**Available data**
#####
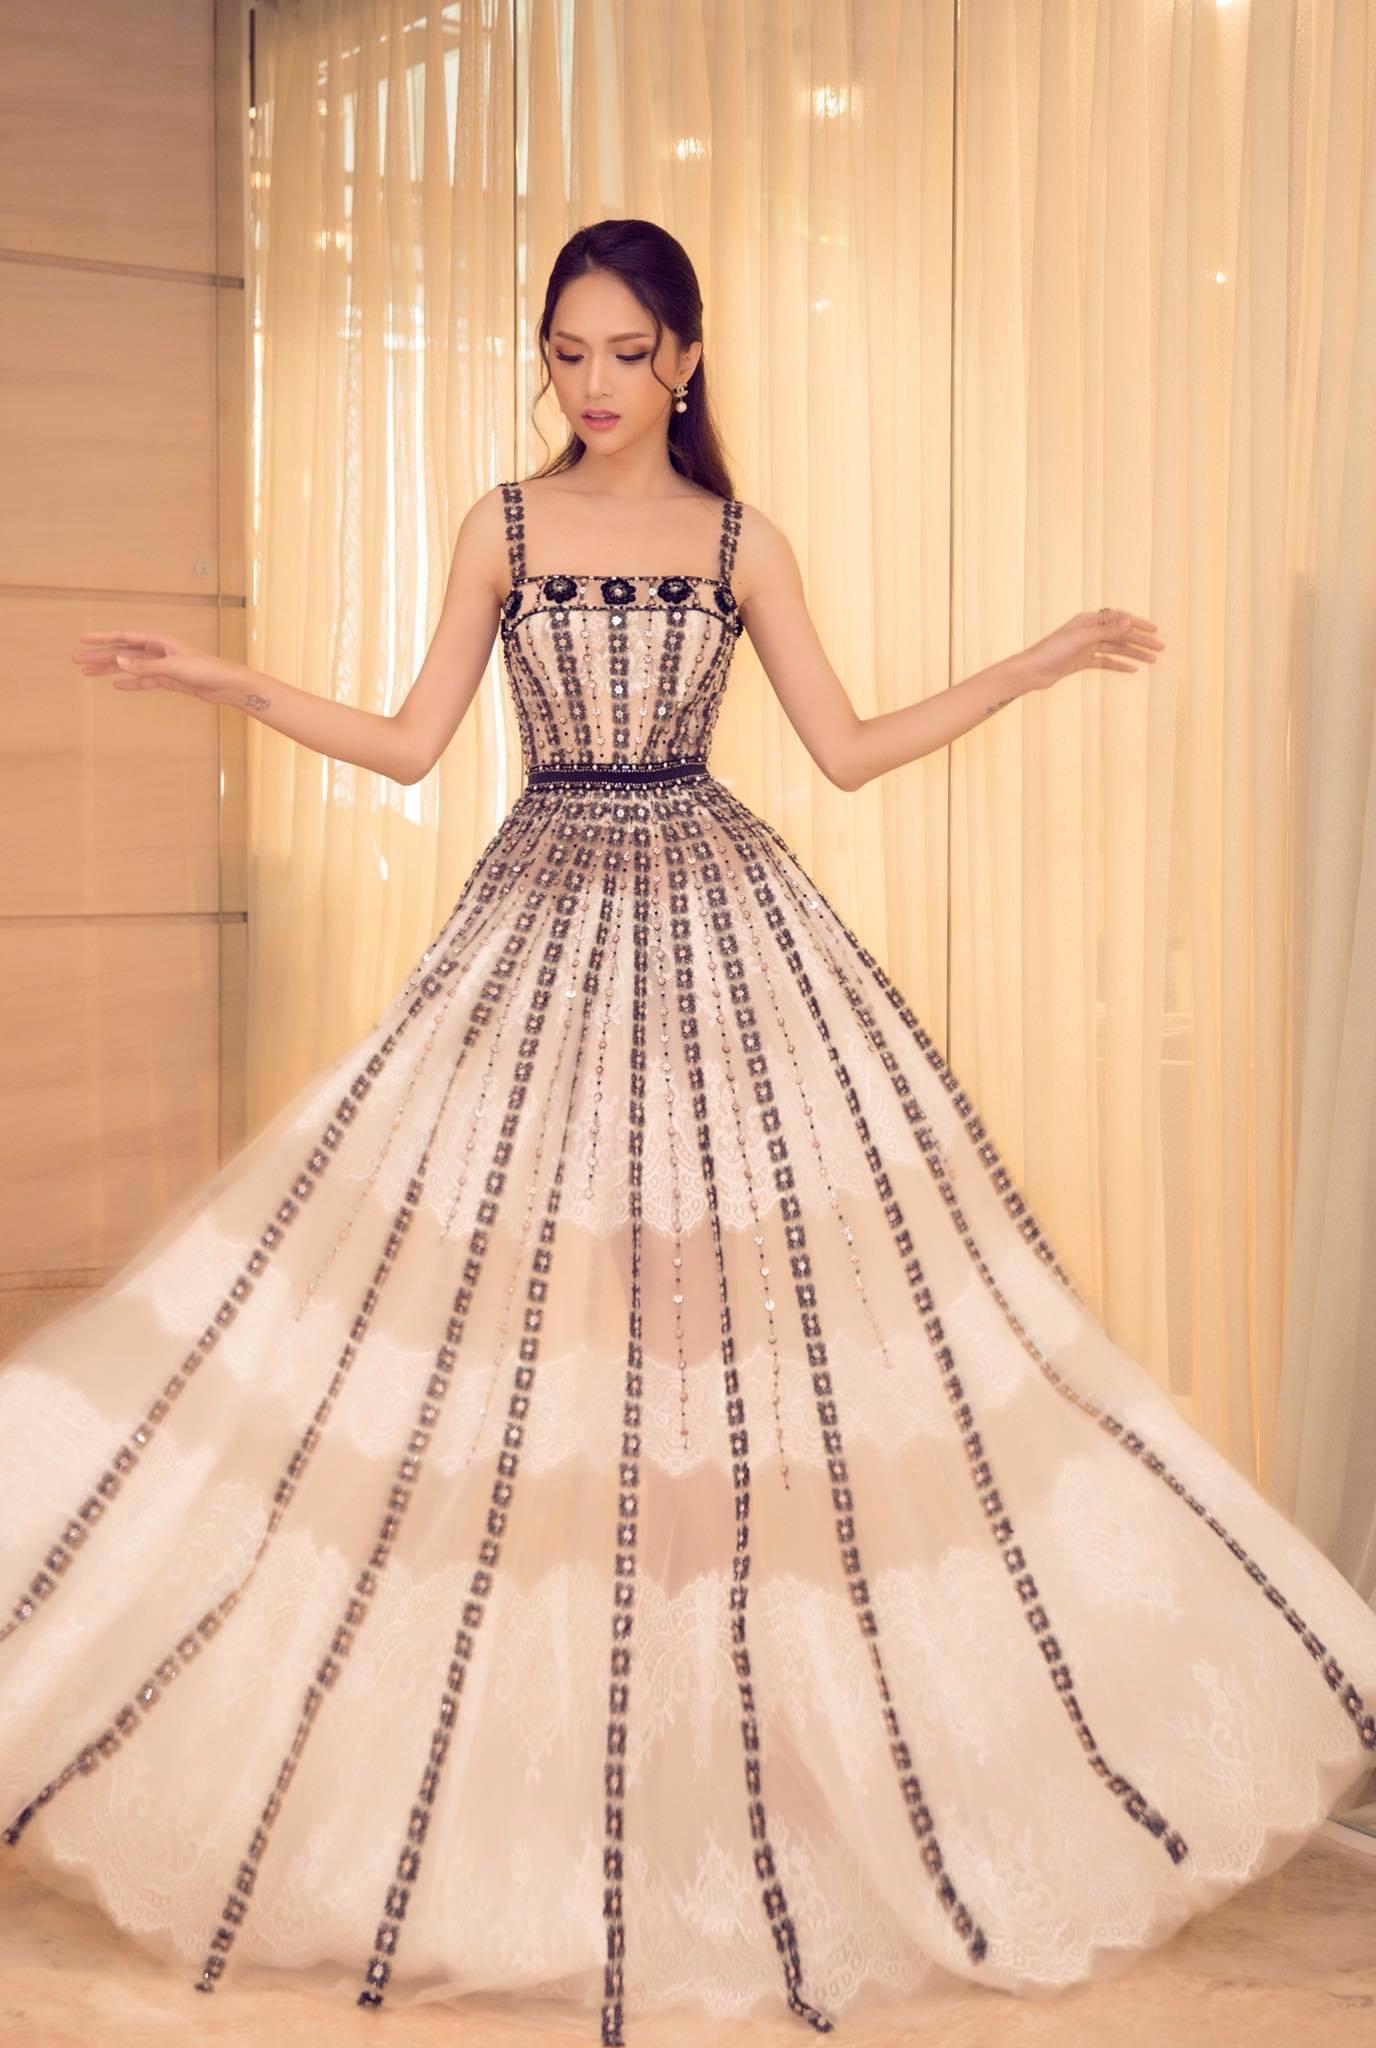 Những chiếc váy giúp Hoa hậu Hương Giang nâng tầm đẳng cấp  - Ảnh 11.
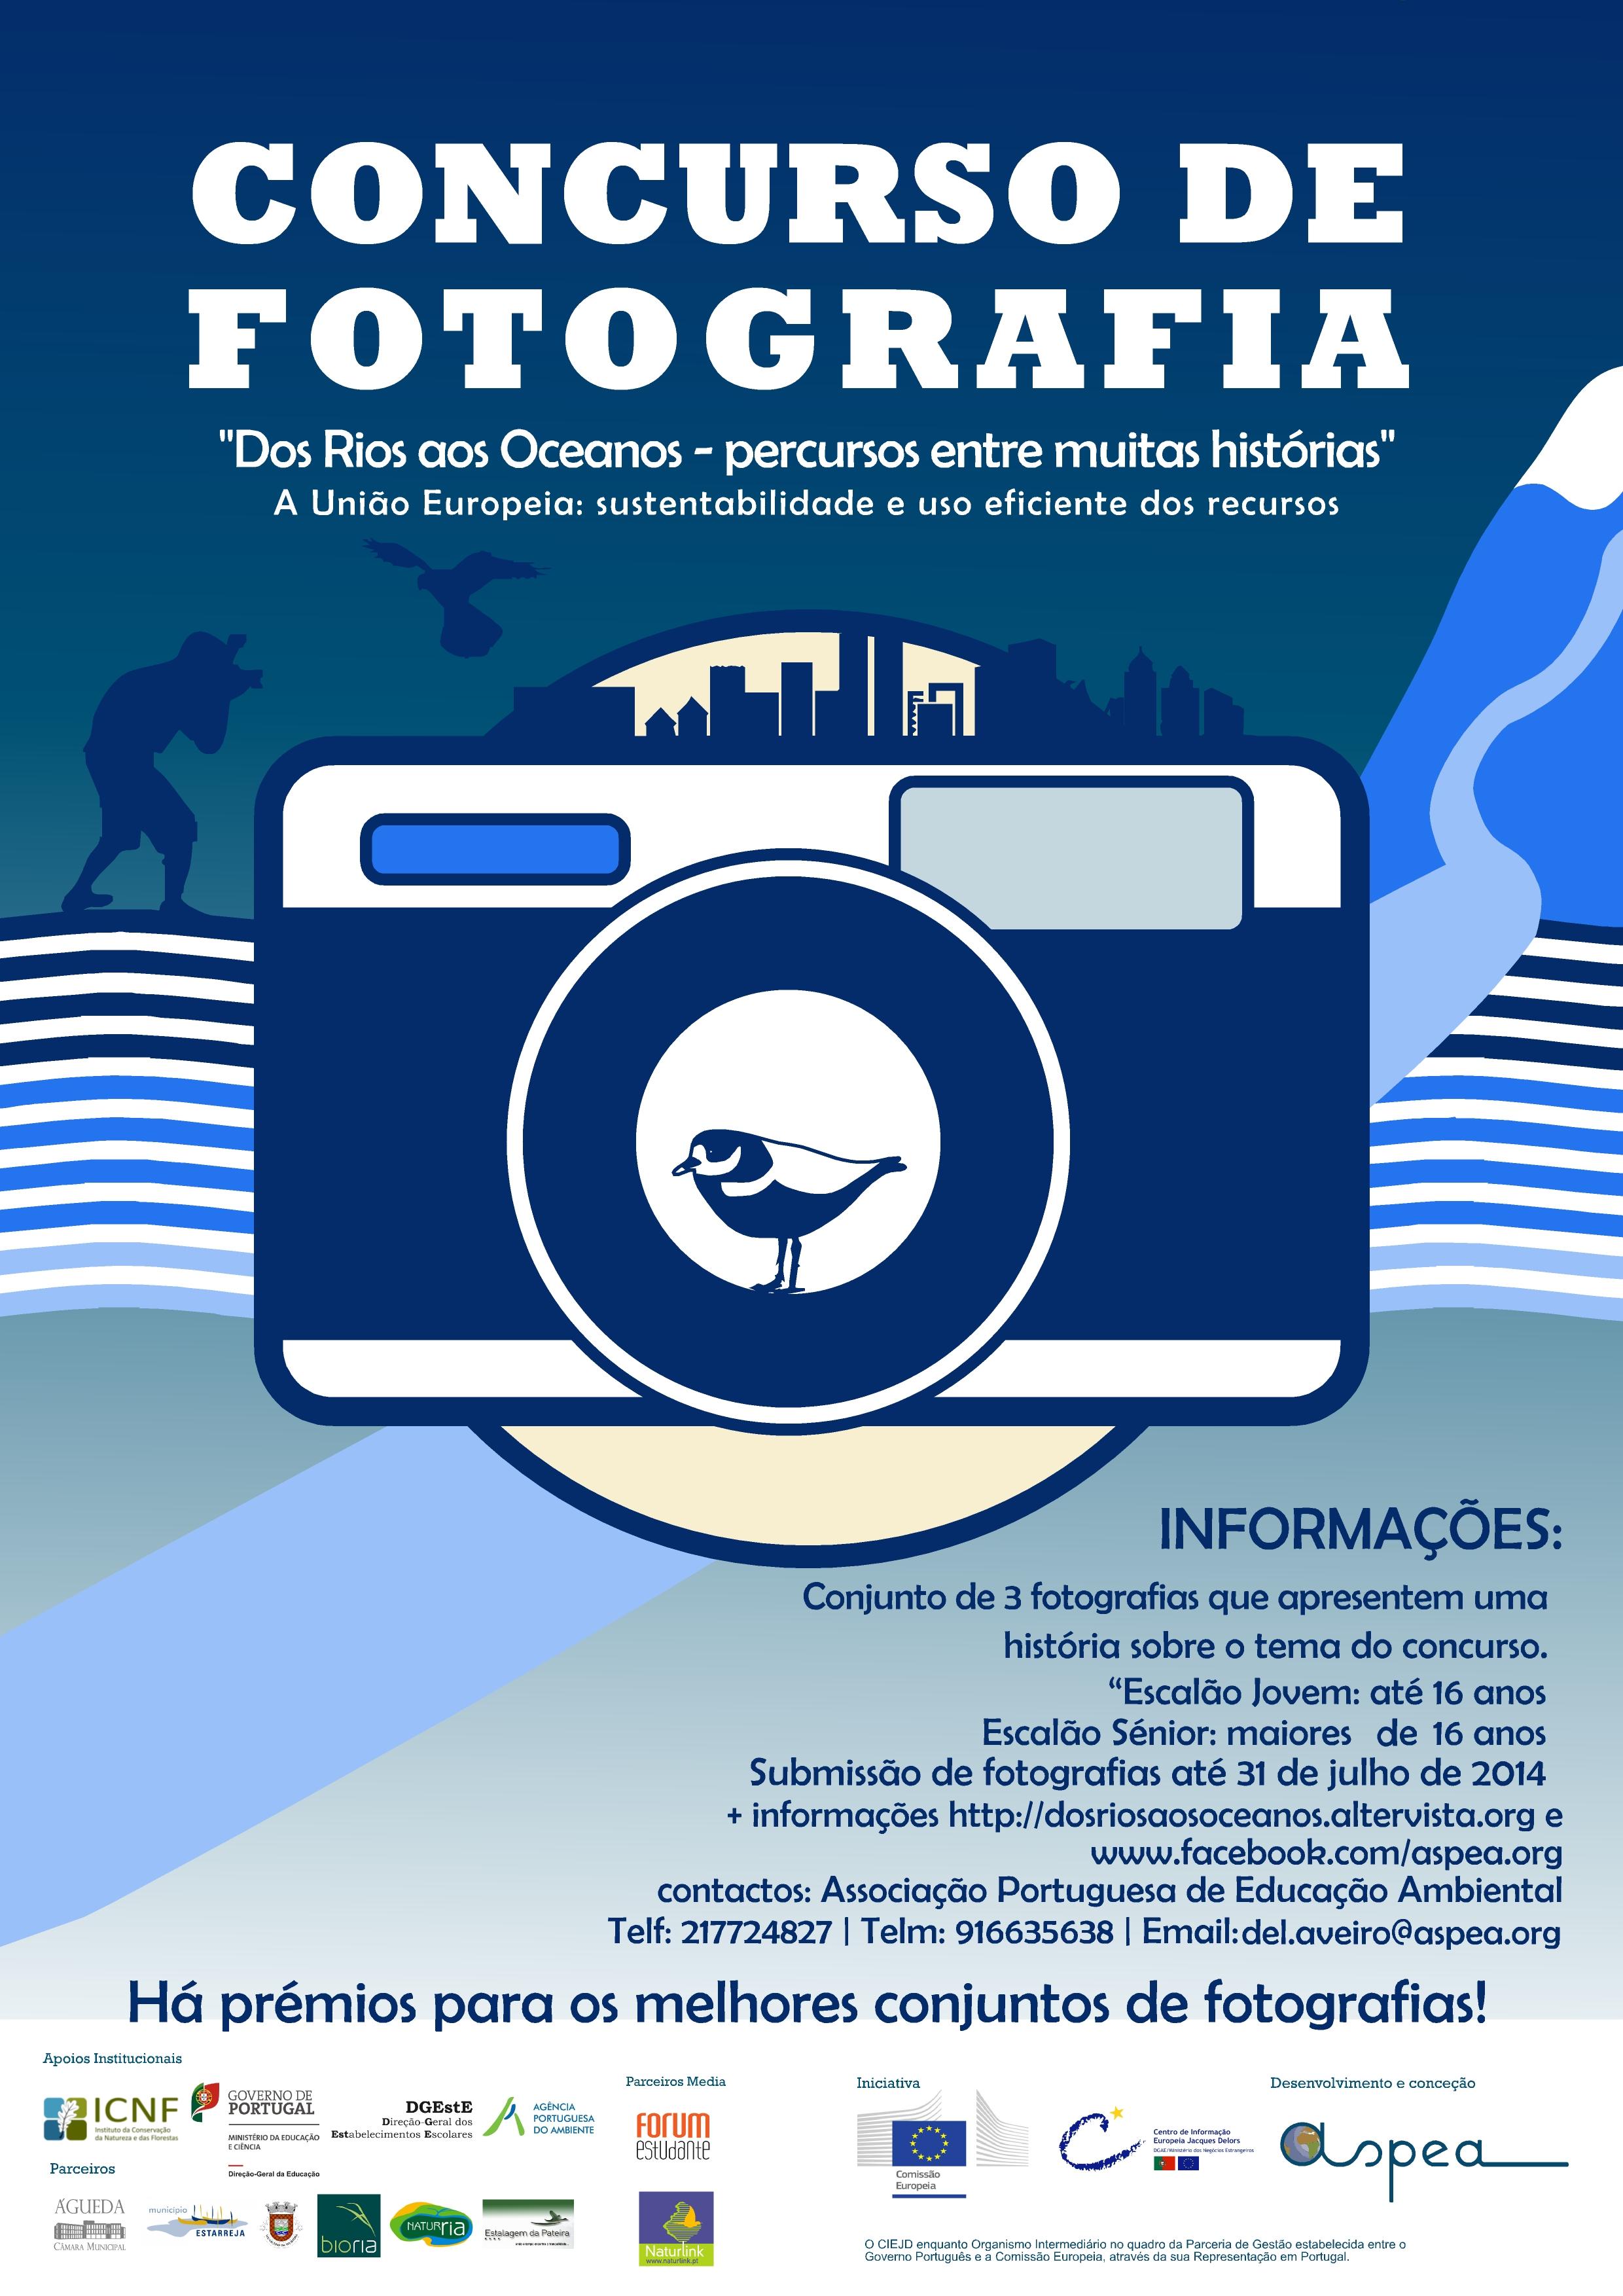 Concurso de Fotografia - Dos Rios aos Oceanos
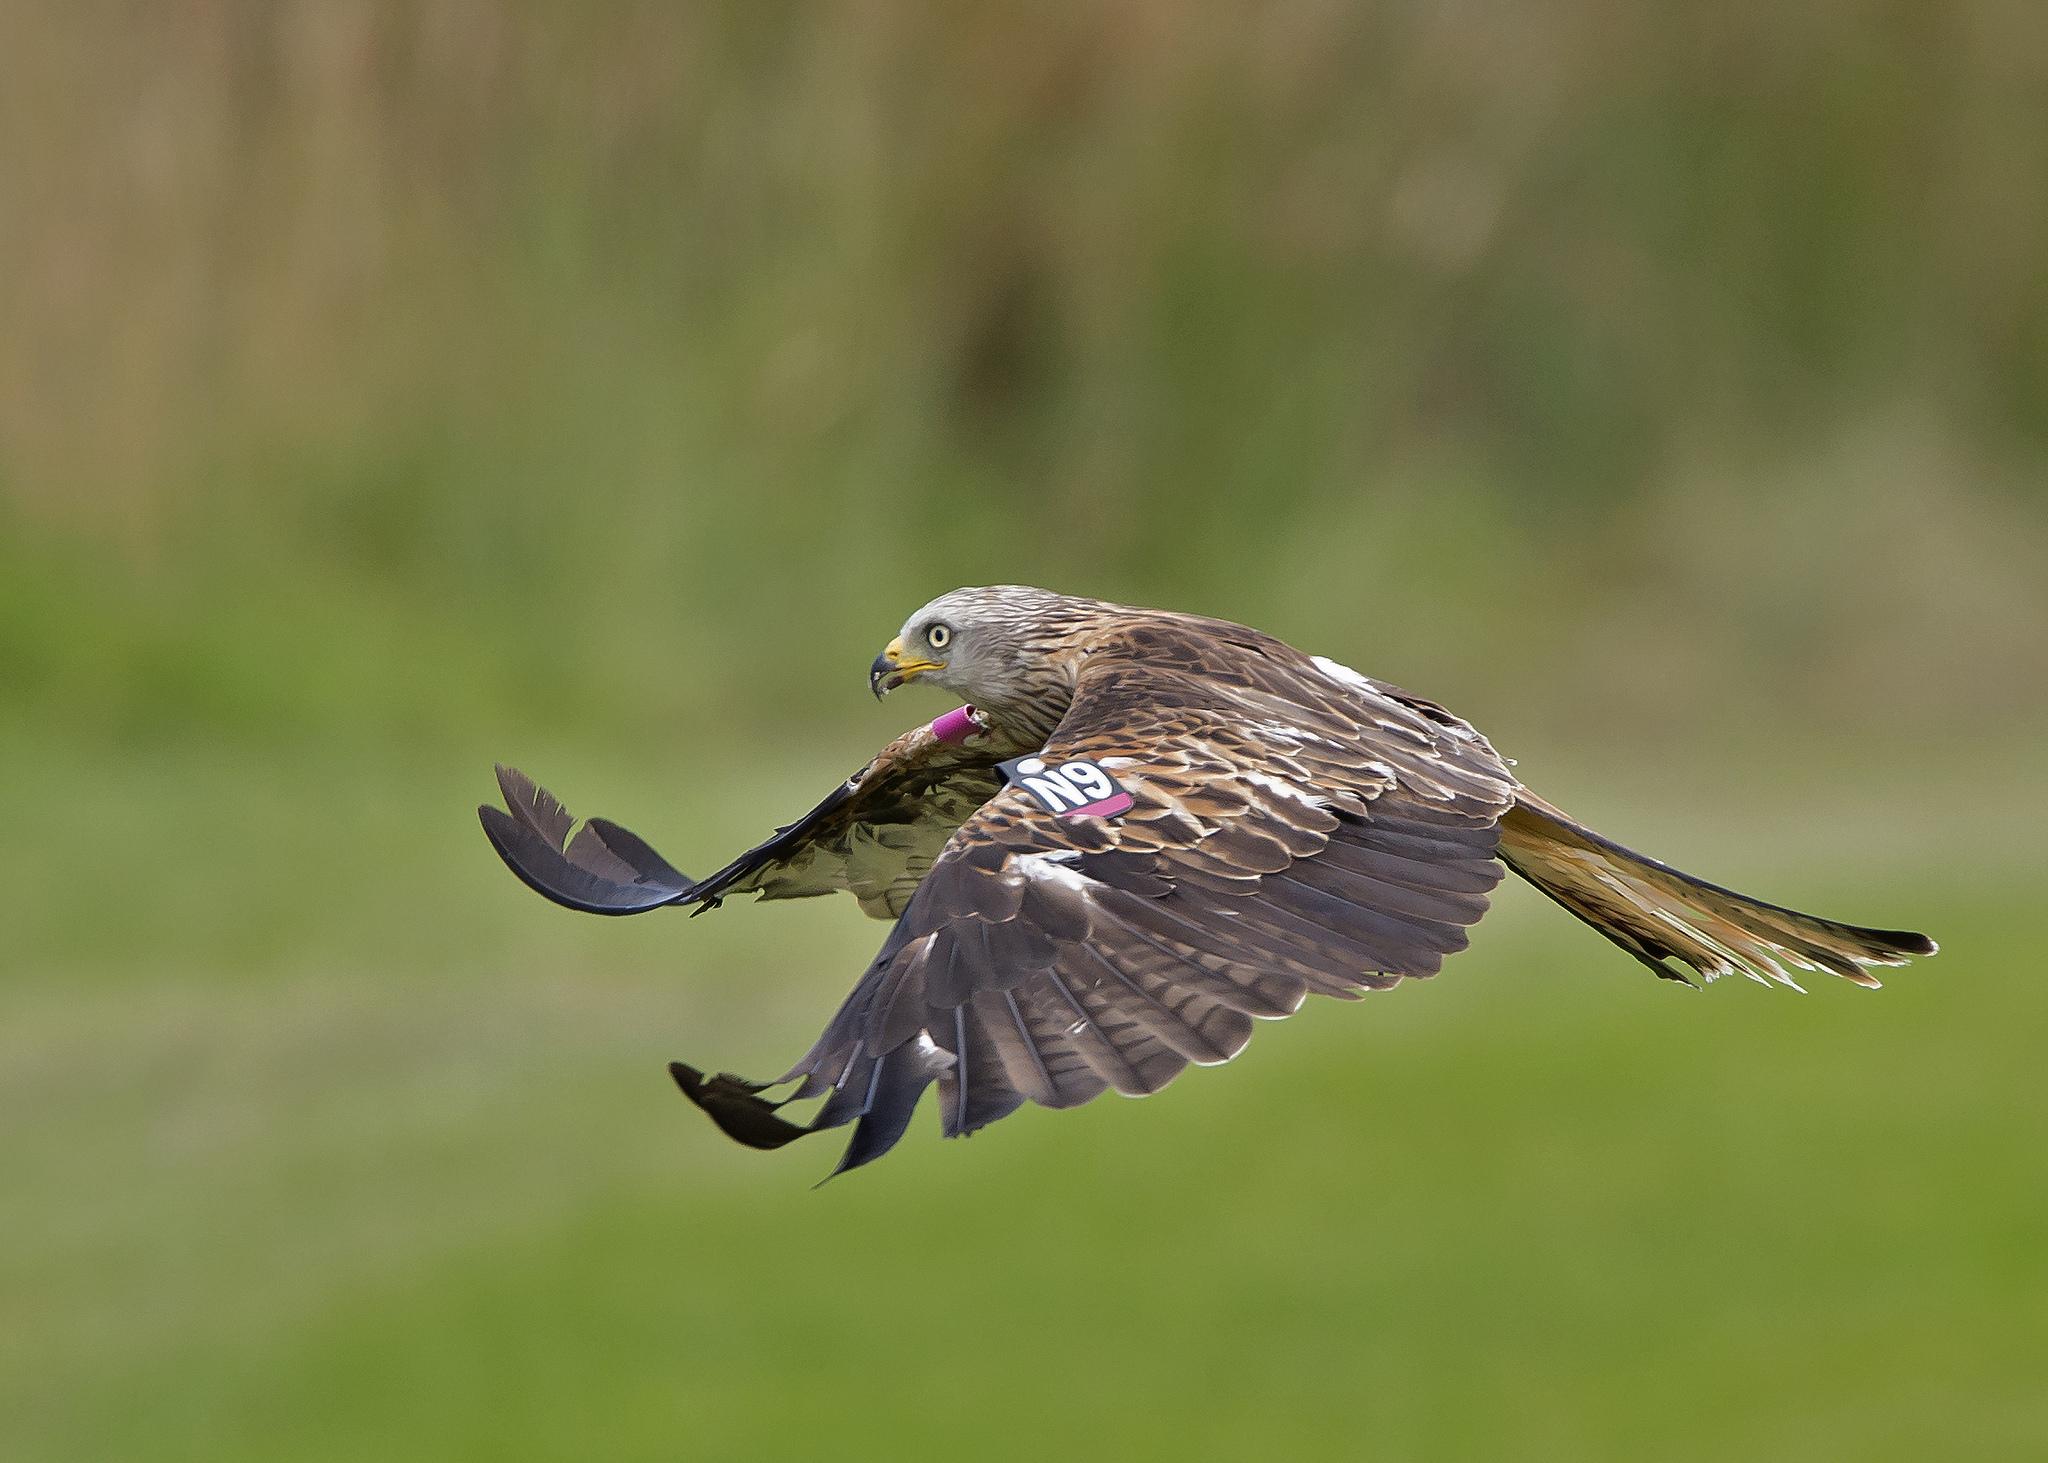 Vuelo de un Aguila - 2048x1463
#####
**Problem**
Exactly as written, return every line of the listing, but not the pictures.

**Result below**
 Những chiếc váy giúp Hoa hậu Hương Giang nâng tầm đẳng cấp  - Ảnh 11.
 Concurso de Fotografia - Dos Rios aos Oceanos
 Vuelo de un Aguila - 2048x1463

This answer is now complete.